------ RECORD EXTRACTS ------
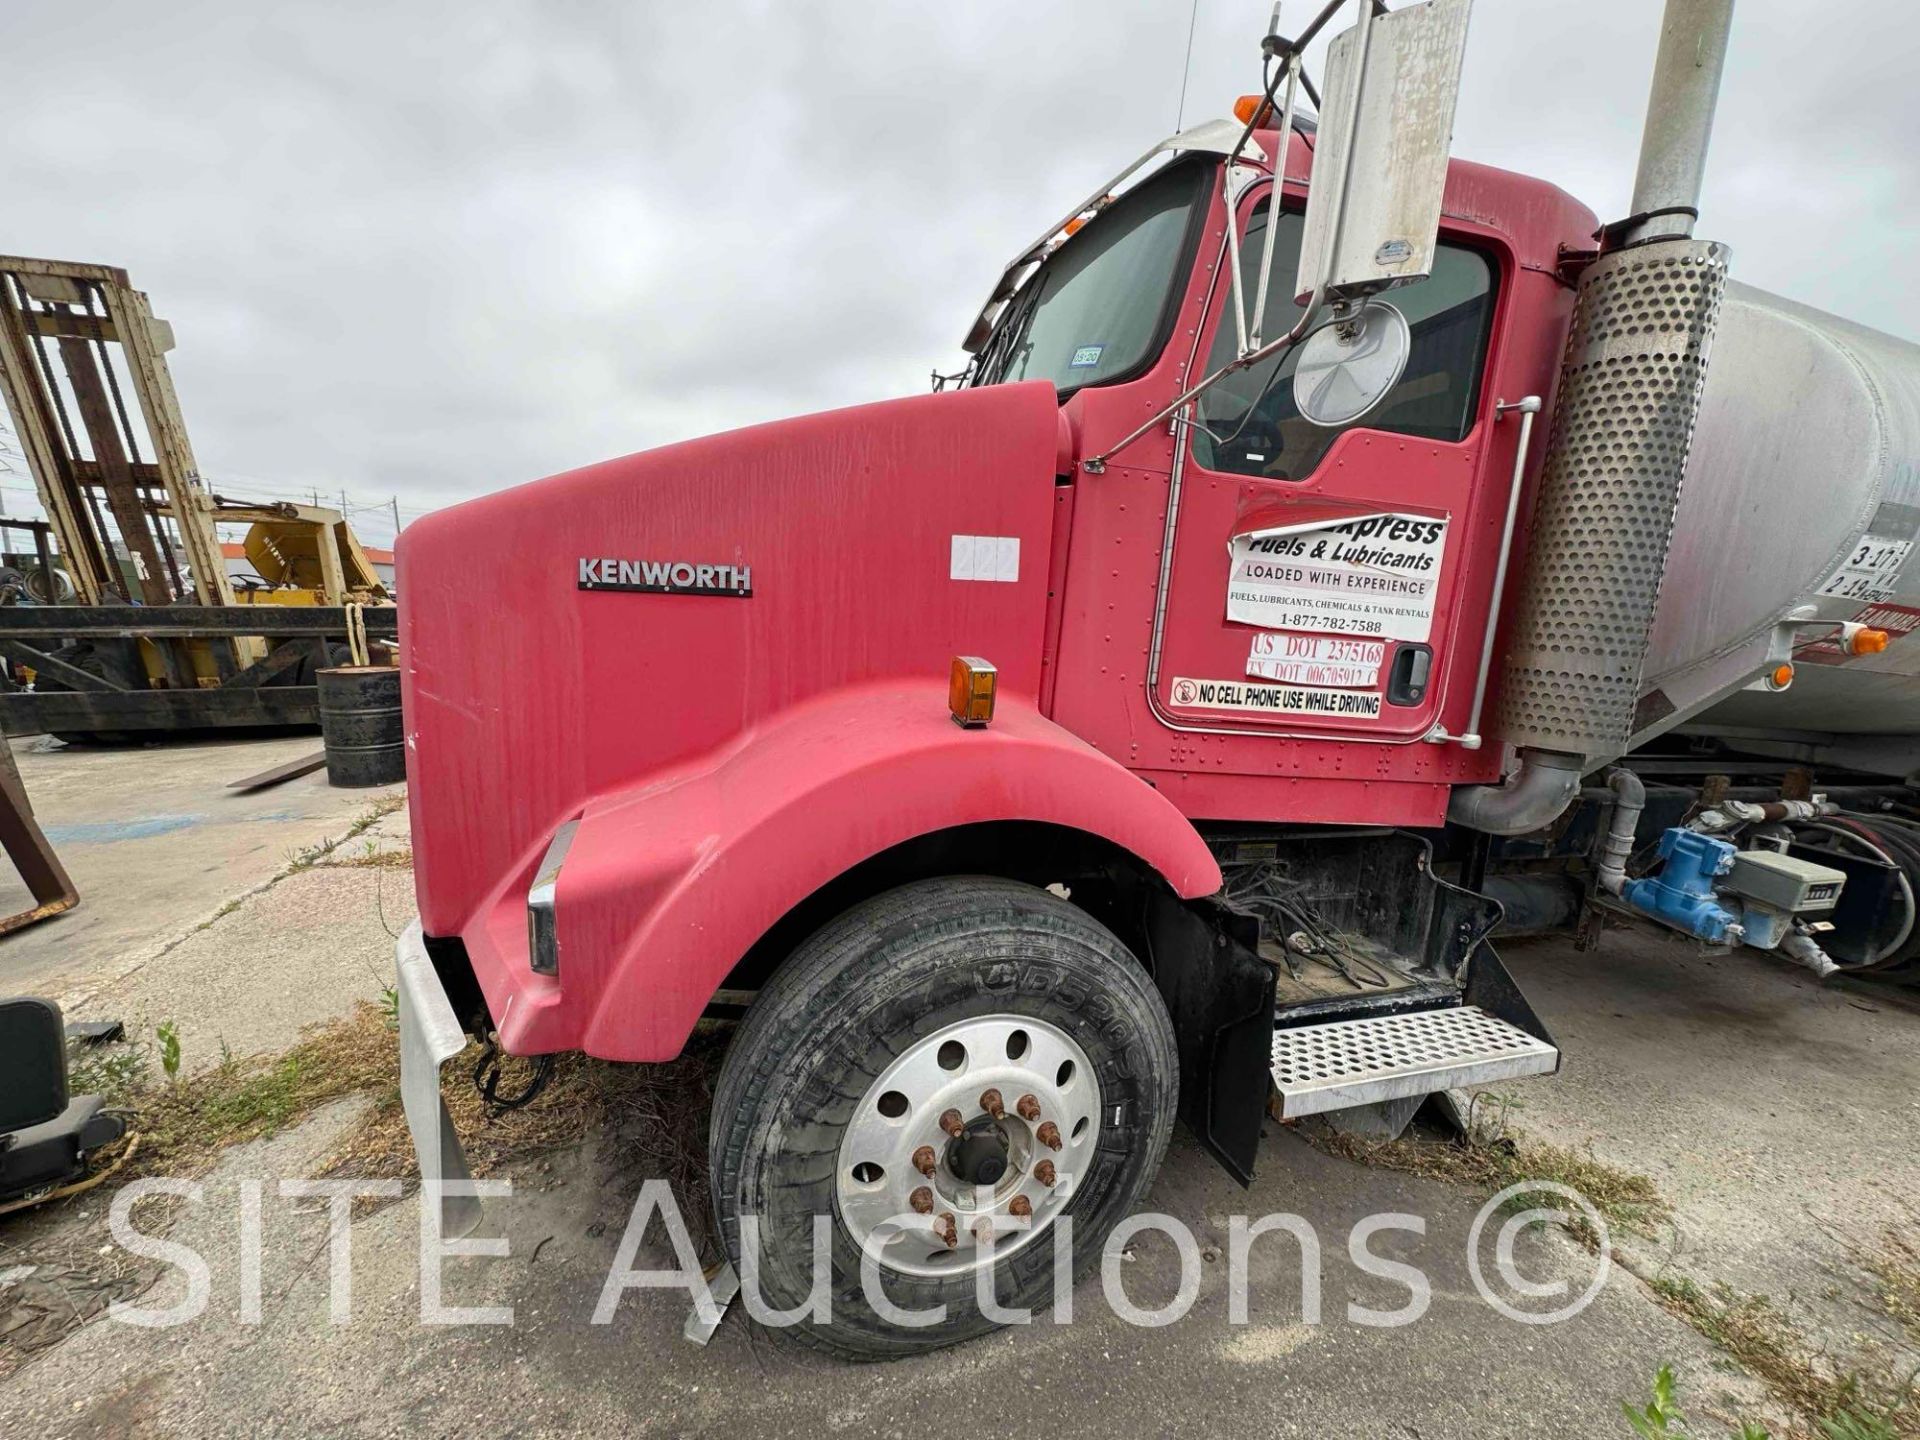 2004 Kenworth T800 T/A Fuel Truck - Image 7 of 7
------
------ RECORD EXTRACTS ------
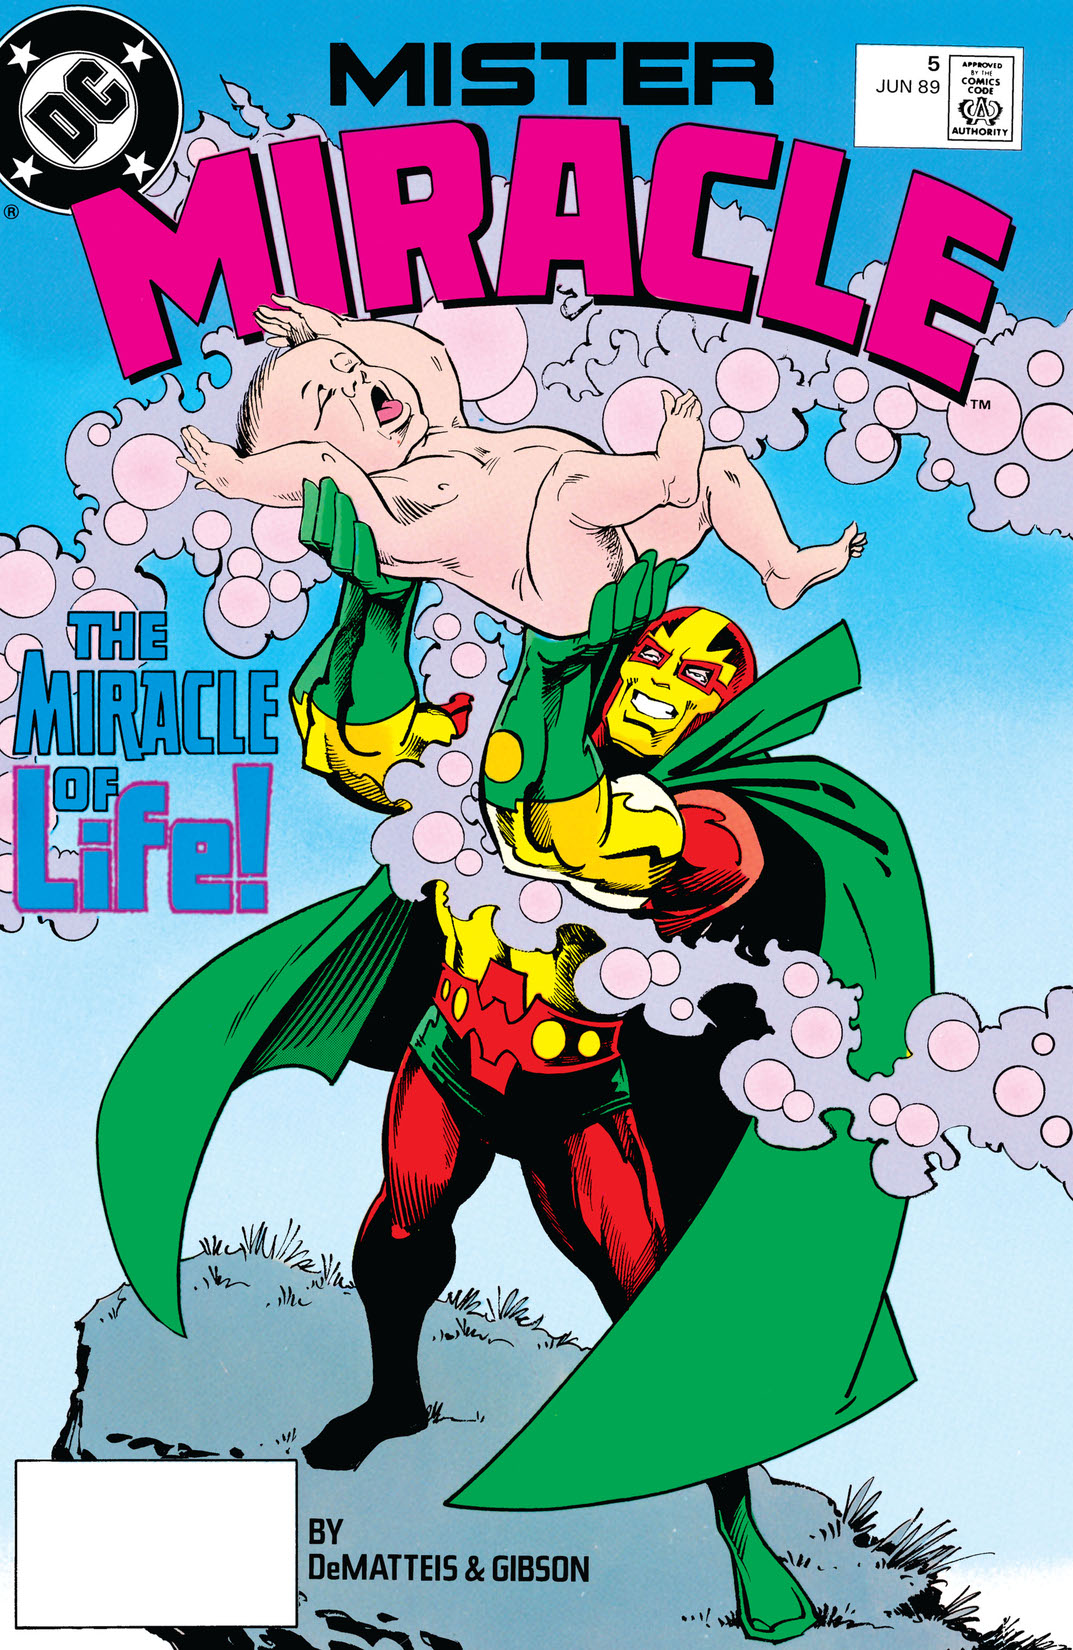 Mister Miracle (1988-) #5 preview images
------
------ RECORD EXTRACTS ------
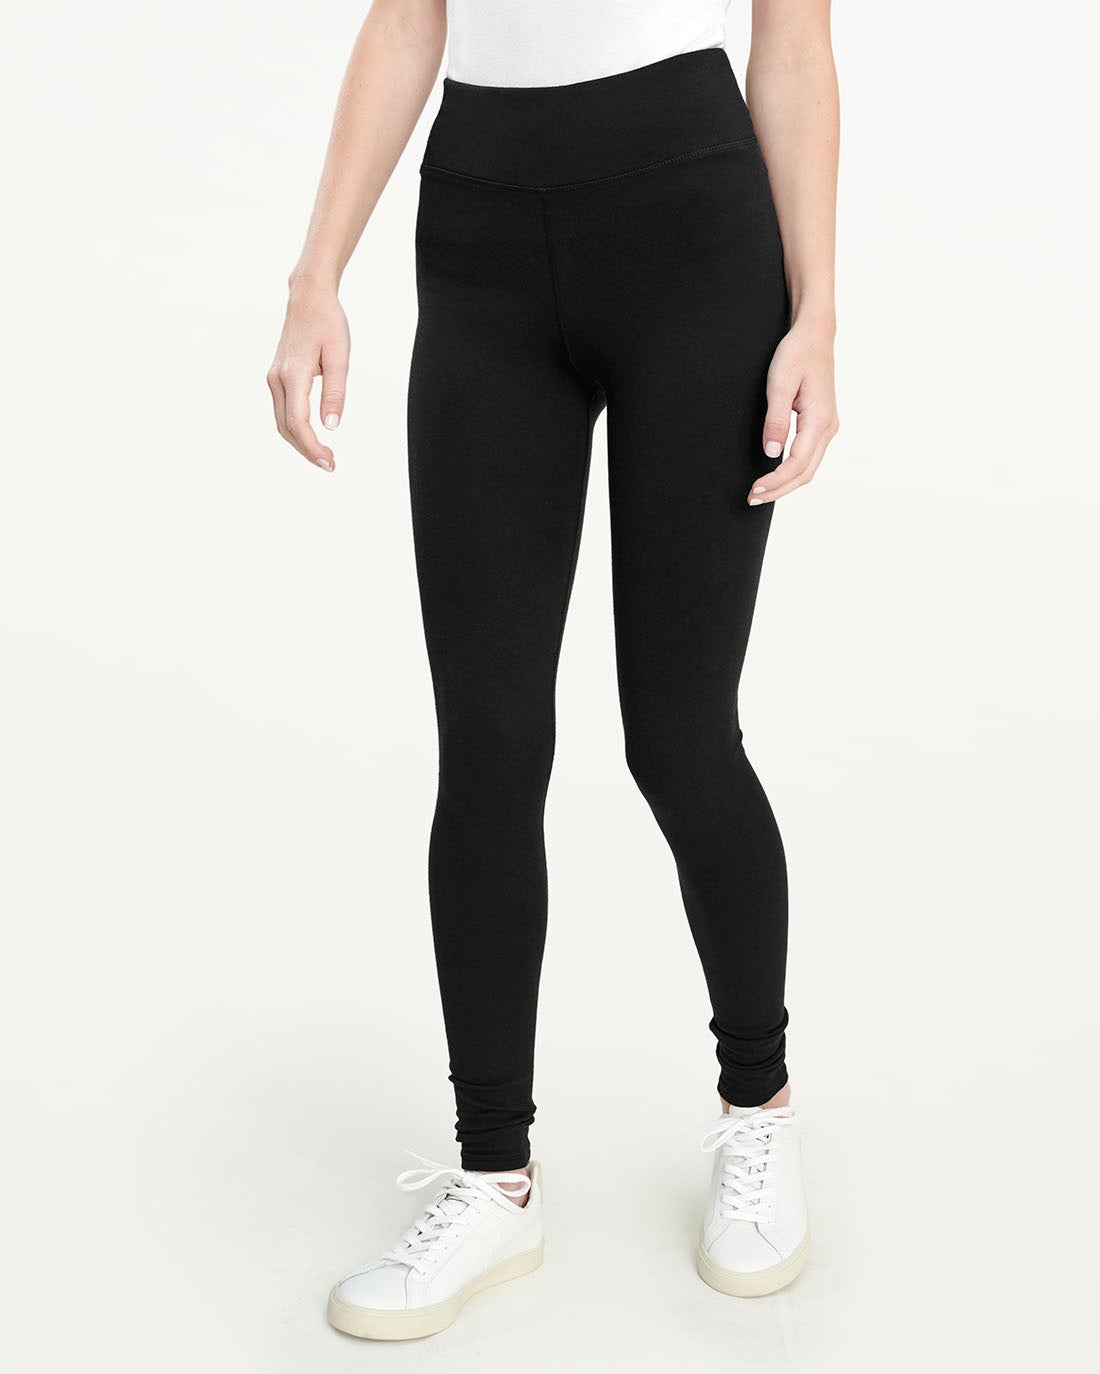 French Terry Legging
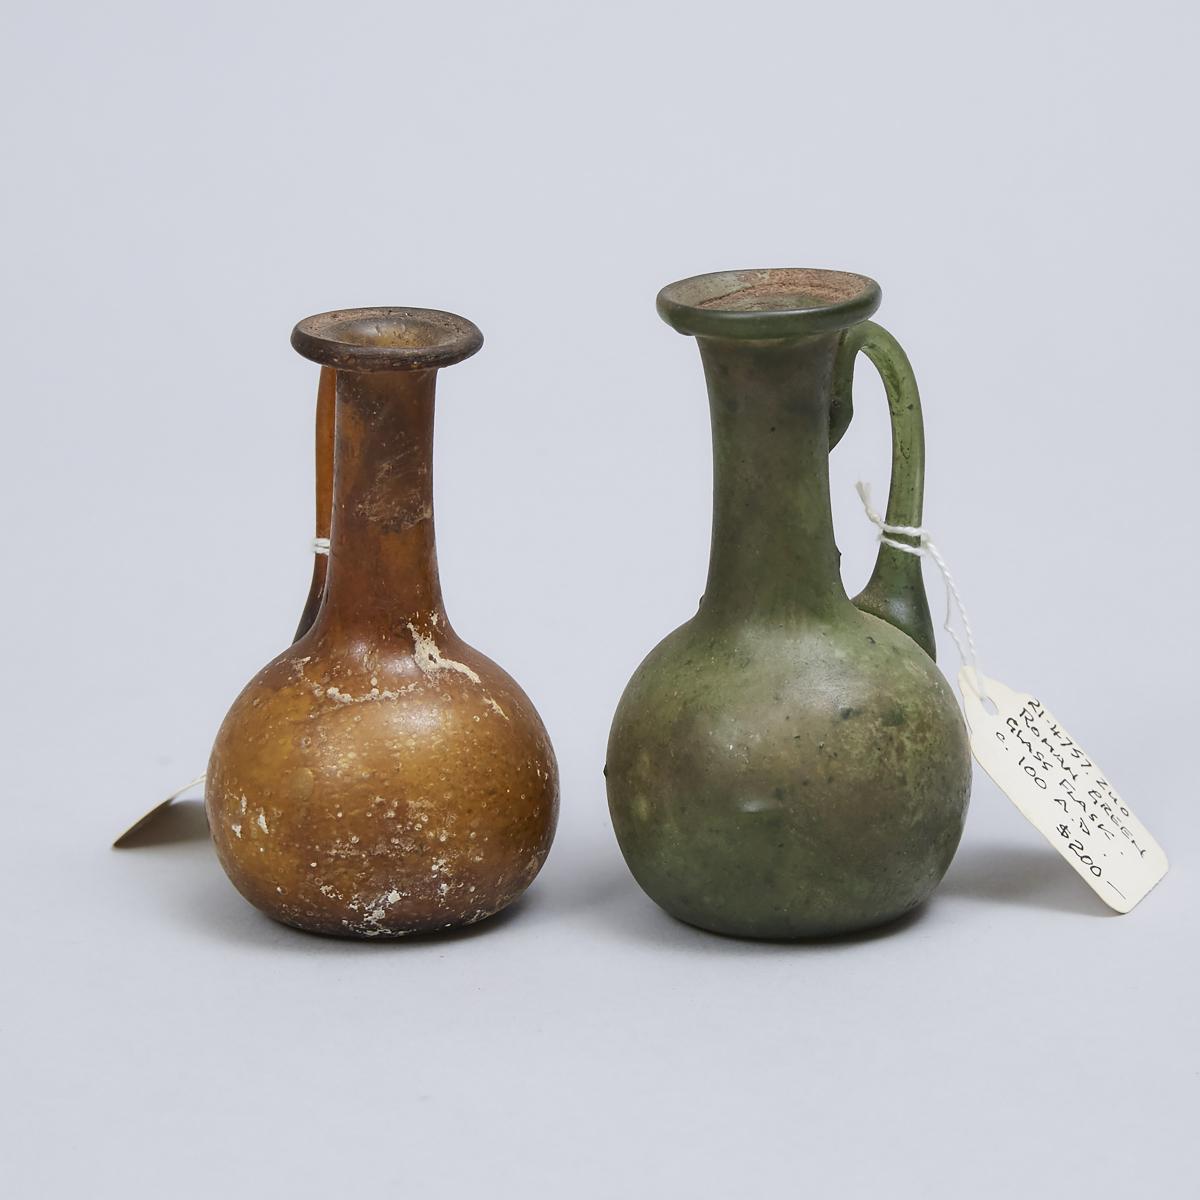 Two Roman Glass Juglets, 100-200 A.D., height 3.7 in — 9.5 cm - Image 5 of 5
------
» **WHAT YOU ARE ASKED TO DO**:
Please output, exactly as written, the lines above from the one holding "French Terry Legging" through the one holding "Two Roman Glass", both included, with the pictures omitted.

» **SOLUTION**:
 French Terry Legging
 Two Roman Glass Juglets, 100-200 A.D., height 3.7 in — 9.5 cm - Image 5 of 5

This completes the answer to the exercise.